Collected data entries

[Start of Attachment]

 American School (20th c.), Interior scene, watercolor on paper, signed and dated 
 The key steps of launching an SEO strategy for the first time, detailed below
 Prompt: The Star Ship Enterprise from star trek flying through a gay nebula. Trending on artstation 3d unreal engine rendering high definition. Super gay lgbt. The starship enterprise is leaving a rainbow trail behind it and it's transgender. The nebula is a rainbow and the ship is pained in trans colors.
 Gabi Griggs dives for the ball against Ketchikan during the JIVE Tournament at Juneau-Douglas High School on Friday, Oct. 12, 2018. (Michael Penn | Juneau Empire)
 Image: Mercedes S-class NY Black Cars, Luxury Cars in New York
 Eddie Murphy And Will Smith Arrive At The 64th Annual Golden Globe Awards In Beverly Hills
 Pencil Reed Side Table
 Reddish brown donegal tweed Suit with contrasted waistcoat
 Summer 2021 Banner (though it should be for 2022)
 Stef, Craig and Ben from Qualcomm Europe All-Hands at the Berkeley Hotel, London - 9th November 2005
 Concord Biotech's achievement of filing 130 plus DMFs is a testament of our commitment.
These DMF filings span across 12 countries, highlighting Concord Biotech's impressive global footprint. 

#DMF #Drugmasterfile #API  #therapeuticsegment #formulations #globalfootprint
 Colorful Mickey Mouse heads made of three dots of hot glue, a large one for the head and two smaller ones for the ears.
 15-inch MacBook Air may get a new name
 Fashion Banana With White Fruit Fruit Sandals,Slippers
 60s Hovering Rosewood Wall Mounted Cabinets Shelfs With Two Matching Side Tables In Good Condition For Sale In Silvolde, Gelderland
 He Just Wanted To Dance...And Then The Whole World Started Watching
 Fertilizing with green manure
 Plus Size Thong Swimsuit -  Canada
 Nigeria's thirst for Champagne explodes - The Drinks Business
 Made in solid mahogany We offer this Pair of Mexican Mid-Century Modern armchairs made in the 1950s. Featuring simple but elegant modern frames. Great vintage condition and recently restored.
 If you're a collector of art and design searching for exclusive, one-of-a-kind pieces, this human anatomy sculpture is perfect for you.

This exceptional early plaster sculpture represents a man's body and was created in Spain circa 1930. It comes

[End of Attachment]

THE TASK: Render every record verbatim. Nothing should be left out.

RESPONSE:
 American School (20th c.), Interior scene, watercolor on paper, signed and dated 
 The key steps of launching an SEO strategy for the first time, detailed below
 Prompt: The Star Ship Enterprise from star trek flying through a gay nebula. Trending on artstation 3d unreal engine rendering high definition. Super gay lgbt. The starship enterprise is leaving a rainbow trail behind it and it's transgender. The nebula is a rainbow and the ship is pained in trans colors.
 Gabi Griggs dives for the ball against Ketchikan during the JIVE Tournament at Juneau-Douglas High School on Friday, Oct. 12, 2018. (Michael Penn | Juneau Empire)
 Image: Mercedes S-class NY Black Cars, Luxury Cars in New York
 Eddie Murphy And Will Smith Arrive At The 64th Annual Golden Globe Awards In Beverly Hills
 Pencil Reed Side Table
 Reddish brown donegal tweed Suit with contrasted waistcoat
 Summer 2021 Banner (though it should be for 2022)
 Stef, Craig and Ben from Qualcomm Europe All-Hands at the Berkeley Hotel, London - 9th November 2005
 Concord Biotech's achievement of filing 130 plus DMFs is a testament of our commitment.
These DMF filings span across 12 countries, highlighting Concord Biotech's impressive global footprint. 

#DMF #Drugmasterfile #API  #therapeuticsegment #formulations #globalfootprint
 Colorful Mickey Mouse heads made of three dots of hot glue, a large one for the head and two smaller ones for the ears.
 15-inch MacBook Air may get a new name
 Fashion Banana With White Fruit Fruit Sandals,Slippers
 60s Hovering Rosewood Wall Mounted Cabinets Shelfs With Two Matching Side Tables In Good Condition For Sale In Silvolde, Gelderland
 He Just Wanted To Dance...And Then The Whole World Started Watching
 Fertilizing with green manure
 Plus Size Thong Swimsuit -  Canada
 Nigeria's thirst for Champagne explodes - The Drinks Business
 Made in solid mahogany We offer this Pair of Mexican Mid-Century Modern armchairs made in the 1950s. Featuring simple but elegant modern frames. Great vintage condition and recently restored.
 If you're a collector of art and design searching for exclusive, one-of-a-kind pieces, this human anatomy sculpture is perfect for you.

This exceptional early plaster sculpture represents a man's body and was created in Spain circa 1930. It comes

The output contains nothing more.